At church we were taught that Islam was not a very good thing. I don’t need to go into the detail there, so early on, my experience with Islam was really negative; what the media had portrayed to me. When I first came up against it in a real way, I was in Syria and Jordan on a holiday, and stayed with various Muslim families, and was taken aback by the hospitality. I was very suspicious of their hospitality at first, because I had never come across people who were so friendly and so giving and so open.

I was invited into their masjid to meet people, and I was very scared, and having not had any experience of that except through the media, and wondering what the masjid was going to be like. The first time I was there, I was welcomed by many strangers and we exchanged phone numbers and addresses and contacts, and it was a very pleasant introduction to Islam.

I first started learning more about Islam when I started working on a project that I’d been assigned to, and I met a couple of Muslims at work who steered me in the right direction. They both were very interested in my circumstances, and where I was at. Where I was at in my life at the time was not particularly pleasant, I didn’t have a very happy life, and really self-destructive, and both of my friends that I met, they were Muslims who directed me to some older Muslim friends they knew, who asked questions as they could see that I was searching. So initially I was given a book which covers all the major religions in the world, and how they had formed and where they had formed, and what their beliefs were.

From there I decided that Islam seems like a very reasonable approach to life, and a very measured way of doing things, rather than the dogmatic beliefs that I had previously that were not necessarily the truth but what I had in my mind. I was introduced to another man, Sheikh Noury, who is from Yemen, and I would meet with him regularly where we would laugh and joke and talk about life, Islam, the media and all sorts of things, and I began to have all my questions answered.
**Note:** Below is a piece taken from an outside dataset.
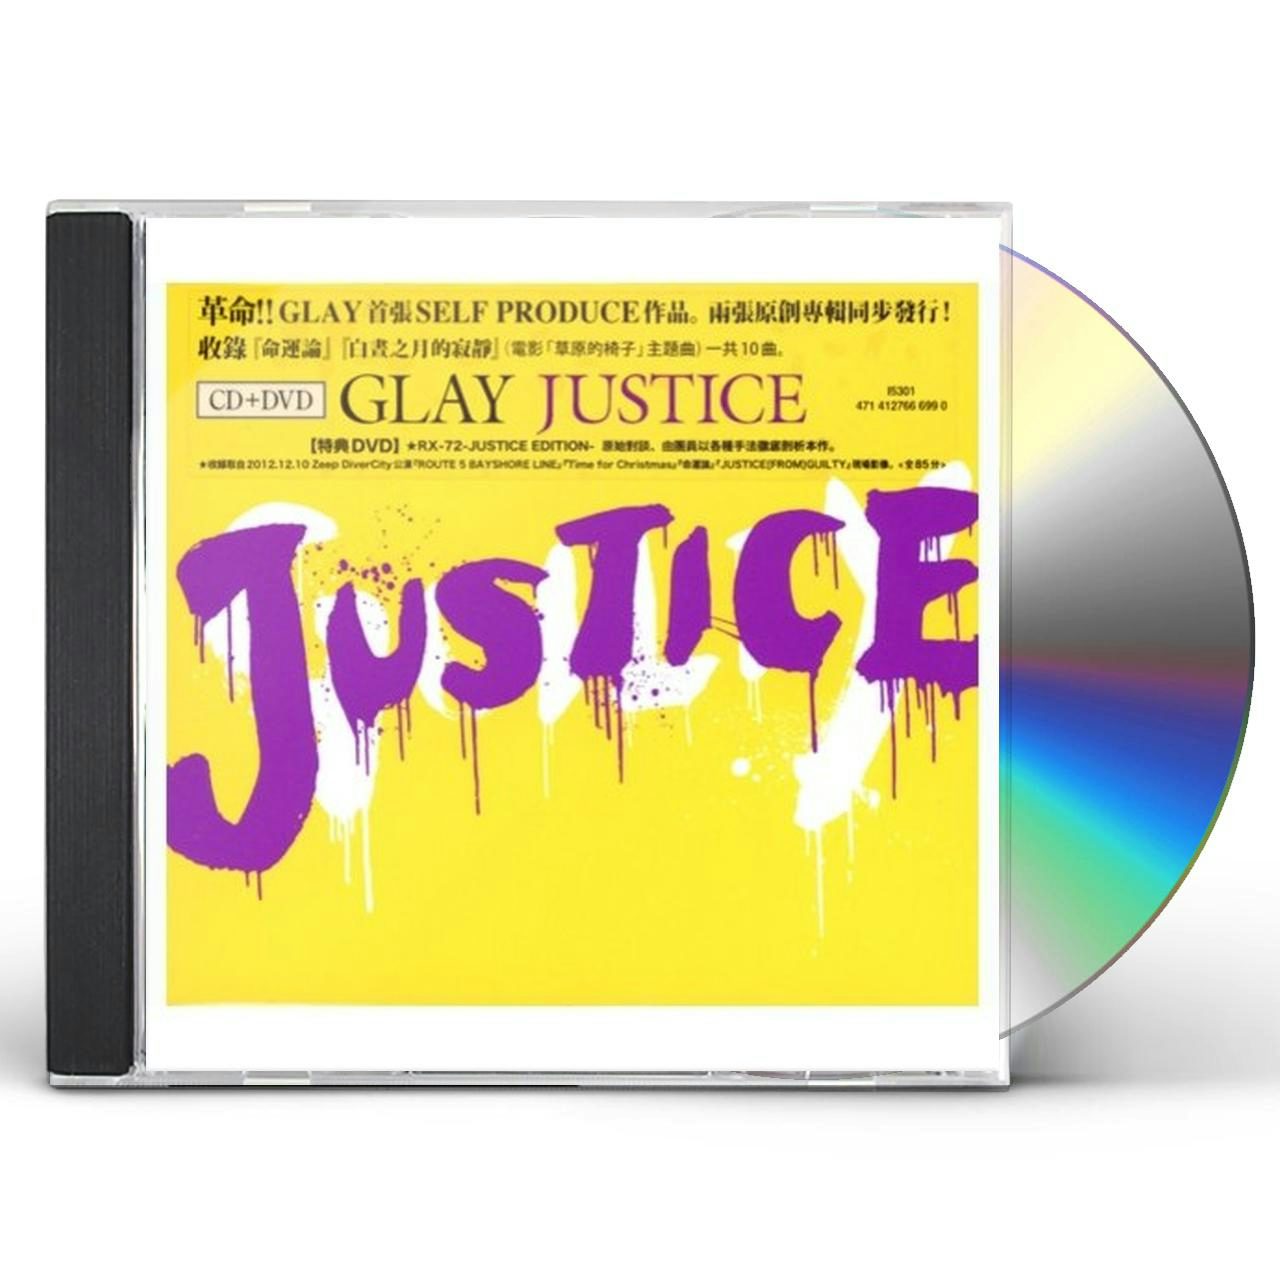 GLAY JUSTICE CD

I did come with a lot of preconceptions on how women were treated, terrorism, the Afterlife and just all the things that people who are ignorant of what Islam is like have. It’s quite natural to have them. And eventually I managed to move aside all those preconceptions, and realize that all the beliefs and all the traditions and all the rules that were in place within Islam for me had a practical reason behind them, and it was refreshing to investigate something, a belief or something in scripture and realize that the reason it was there was because of this, not just because it had to be there. I felt it was very practical.

I reverted, or converted, a year ago, just over a year ago now – 18 months ago – I was at a stage where I was undecided what I wanted to do. I had made some serious changes in my life: I stopped drinking, and I was on my way to stop smoking, and I was settling down in my crazy ways, but I still was not quite decided on where I wanted to go in my spiritual life. Through the friends I had at work, my Muslim friends, i was taught about Ramadan, and I decided that I would fast Ramadan, and do the prayers for Ramadan to experience it.

So I went to the Islamic center and met the people there, and had lots of meals there, it was fun and lots of prayers there, and during the day I did the Ramadan fast. After I completed it I was surprised at the effect that it had on me. I’m not sure how to describe it, but I guess in a western society we don’t often deprive ourselves of things, or we don’t choose to deprive ourselves of things, and you go through these days of intentionally not eating during the day, when everything around you is telling you to eat and drink, it was quite an inspiring thing for me.

After that I met with Sheikh Noury again, and he came to my house, and he said why are you waiting to make a decision? I agreed and so in my house, just over there, I said what I needed to say and became Muslim, and it was great. I felt that I had made a very worthy decision.

There was a little bit of tribulation because I knew that my friends and family would not understand, but those who have no exposure to people who are Muslims, it would seem like a crazy decision. I felt like I had been walking in a long dark corridor, and I opened the door and I just got out…I can sort of take my breath out now, and start the journey again because I had lost my way.